Meet: Juvenile Court Custody Clinic Coordinator Evan Baddour
When Evan Baddour was a student at Nashville School of Law, he knew one thing: he didn’t want to practice family law when he graduated. Fast forward five years later, and family law is one of his main areas of focus in his Pulaski, Tennessee, law practice.

“I assumed those cases had too much drama, between parents and their kids. The reality is that for a new lawyer, that’s the most available type of case to take – whether court-appointed or divorce work,” he said.
Baddour, who teaches the Juvenile Court Custody Clinic at NSL, now makes a point to tell his students to be open to where their practice will take them. “It’s funny how certain we are about things. I was certain I didn’t want to do family law,” he said. It didn’t look appealing, and it didn’t seem like the type of work I would want to take home with me. But it’s important work.”
The clinic is a one-hour elective course designed for third- and fourth-year students to represent indigent clients in actual Davidson County Juvenile Court cases, which includes modifying existing parenting plans or creating new ones.

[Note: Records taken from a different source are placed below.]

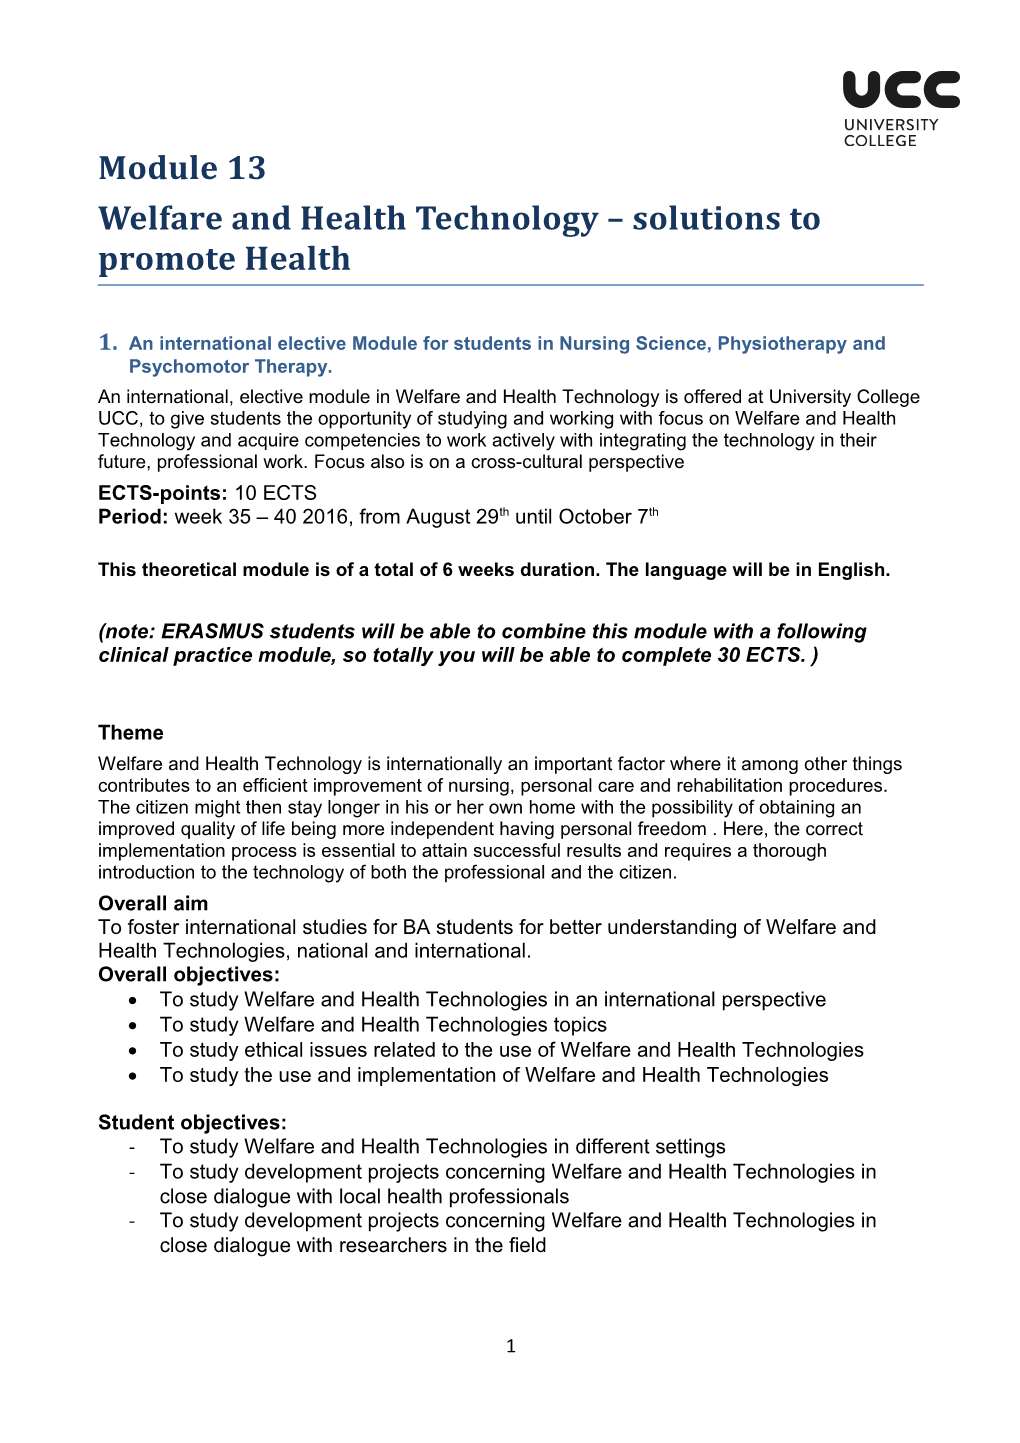 Welfare and Health Technology Solutions to Promote Health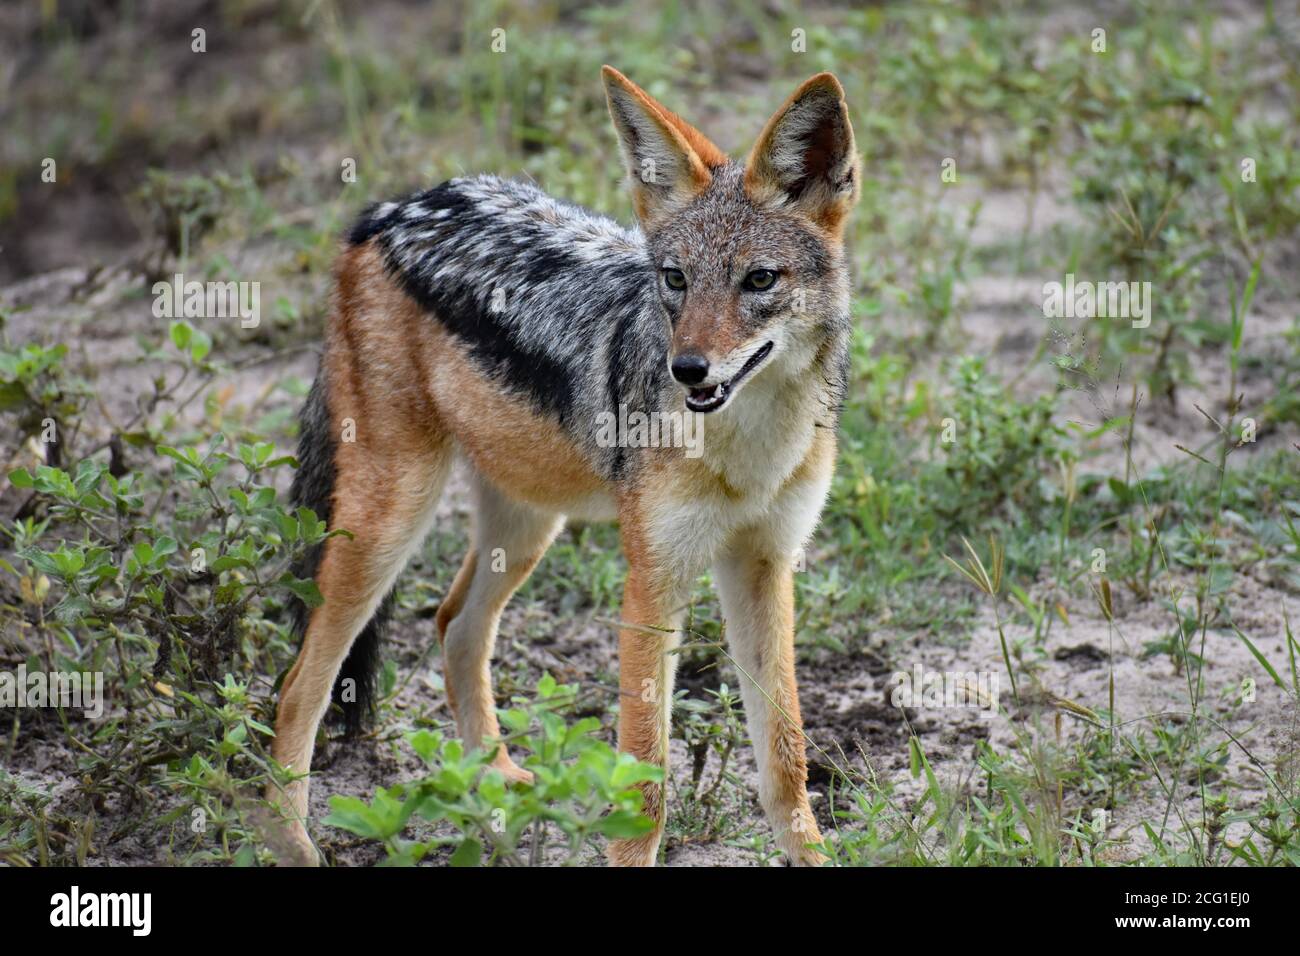 A Black-Backed Jackal (Canis mesomelas or Lupulella mesomelas) seen during a game drive whilst on safari in Chobe National Park, Botswana, Africa. Stock Photo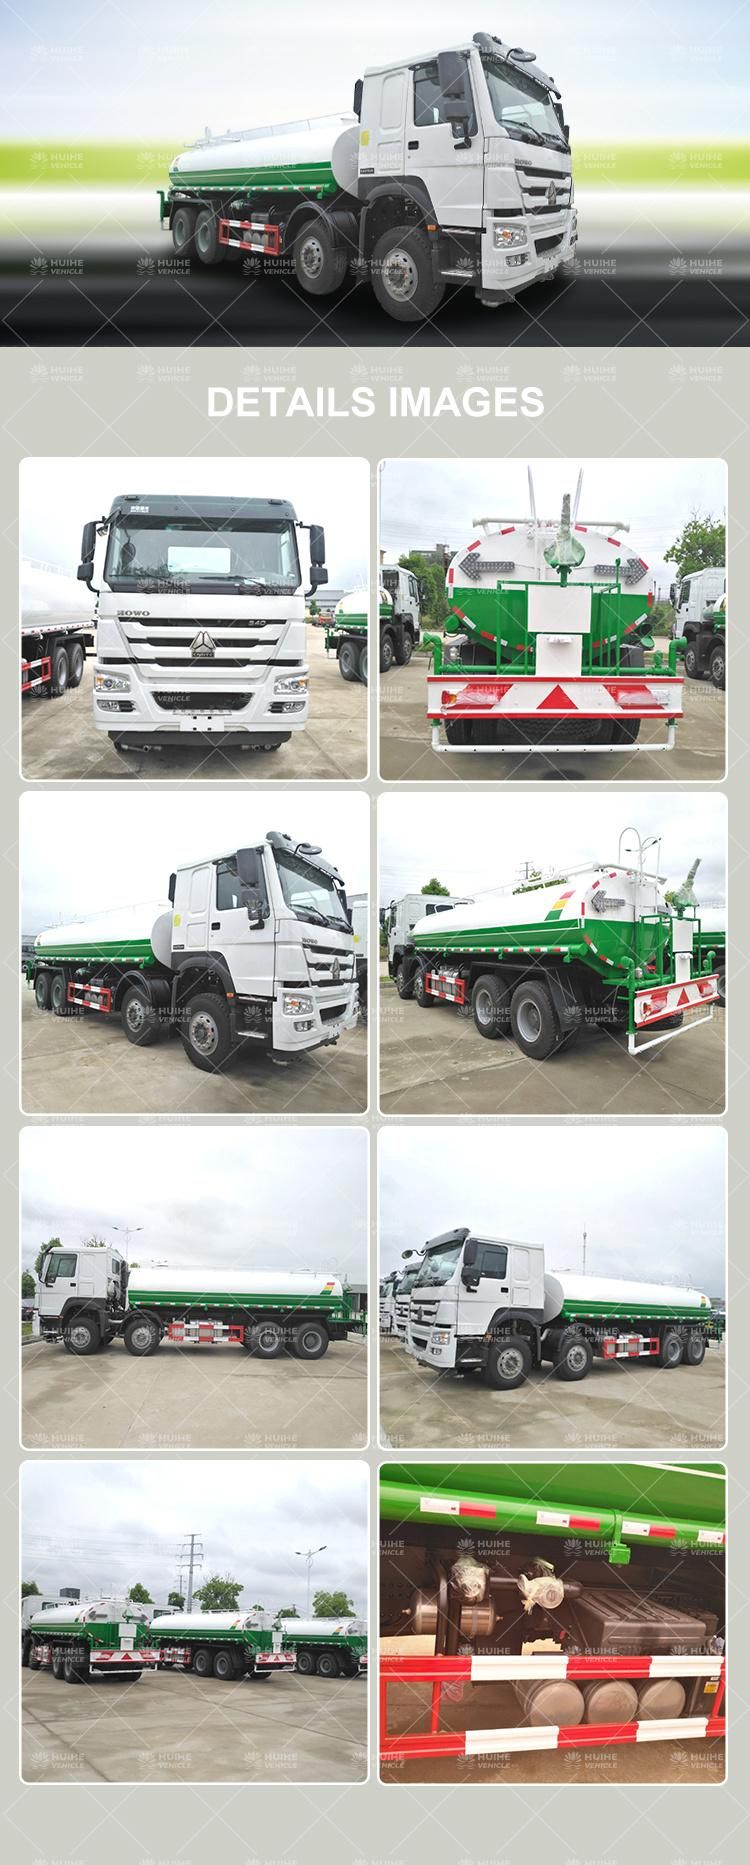 Used Sinotruk HOWO 6X4 HOWO Water Tanker Truck China Manufacturer Used Water Tanker Truck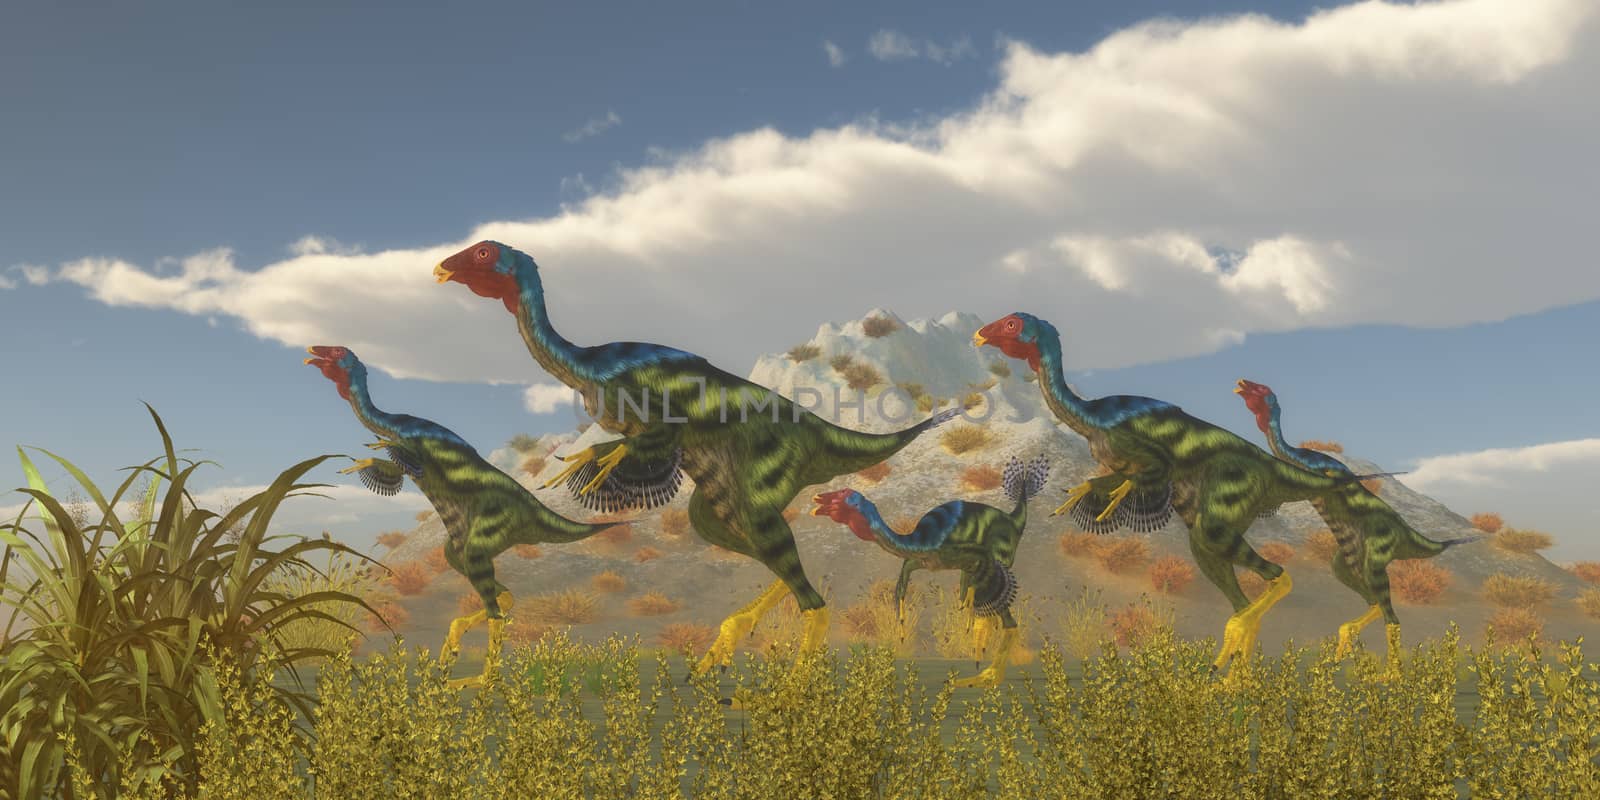 Caudipteryx was a dinosaur reptile bird that lived in China in the Cretaceous Period.

“The unique nature of this course is it’s like moot court in that students get to practice courtroom lawyering live and apply all the things they’ve been learning the first three years of law school,” Baddour said. “But unlike moot court, they’re representing real parents. And they’re operating under a limited license under Rule 7, under the supervision of licensed attorneys. These are clients who otherwise would be representing themselves, so they’re really providing a service to indigent folks in the Nashville area. And I love seeing how exciting it is for our students – when they start to realize this isn’t all about them, that their work is going to determine a child’s custody situation.”
Baddour was in the courtroom recently when the judge made his ruling, and the father stood up and hugged both students assigned to his case. “He was clearly grateful, but you could see it was an important moment for the students too. This was probably the first time they had been thanked sincerely by a client for the work they had done,” he said. After graduating from NSL in 2018, Baddour decided to return to his hometown of Giles County to practice with his brother, Colby Baddour, a 2011 NSL graduate.
“They say you shouldn’t partner with someone unless you really trust them. I can’t imagine anyone I trust more than my brother,” he said. “We definitely have different strengths and perspectives. We have different world views, in some cases. He likes to say he keeps me grounded, and I keep him thinking. We make a good team.”
Baddour, a graduate of University of Tennessee, Knoxville, is fluent in Spanish, volunteers to provide legal services to the disenfranchised of Middle Tennessee and has been called for a consult on several immigration cases of Spanish-speaking clients. He is also an elected Giles County commissioner.
He successfully argued a court case before the Tennessee Court of Criminal Appeals in 2021 which made national news headlines. In the State of Tennessee vs. Tim Gilbert, Baddour argued that Gilbert, a Black man being tried in the Giles County Courthouse, didn’t receive a fair trial for his convictions because significant historical symbols, including Confederate flags, were present in the jury room. His convictions were reversed, and he was granted a new trial.
“Those items are no longer in the jury room, fortunately. But subtle, systemic racism can still exist in our court system,” Baddour said.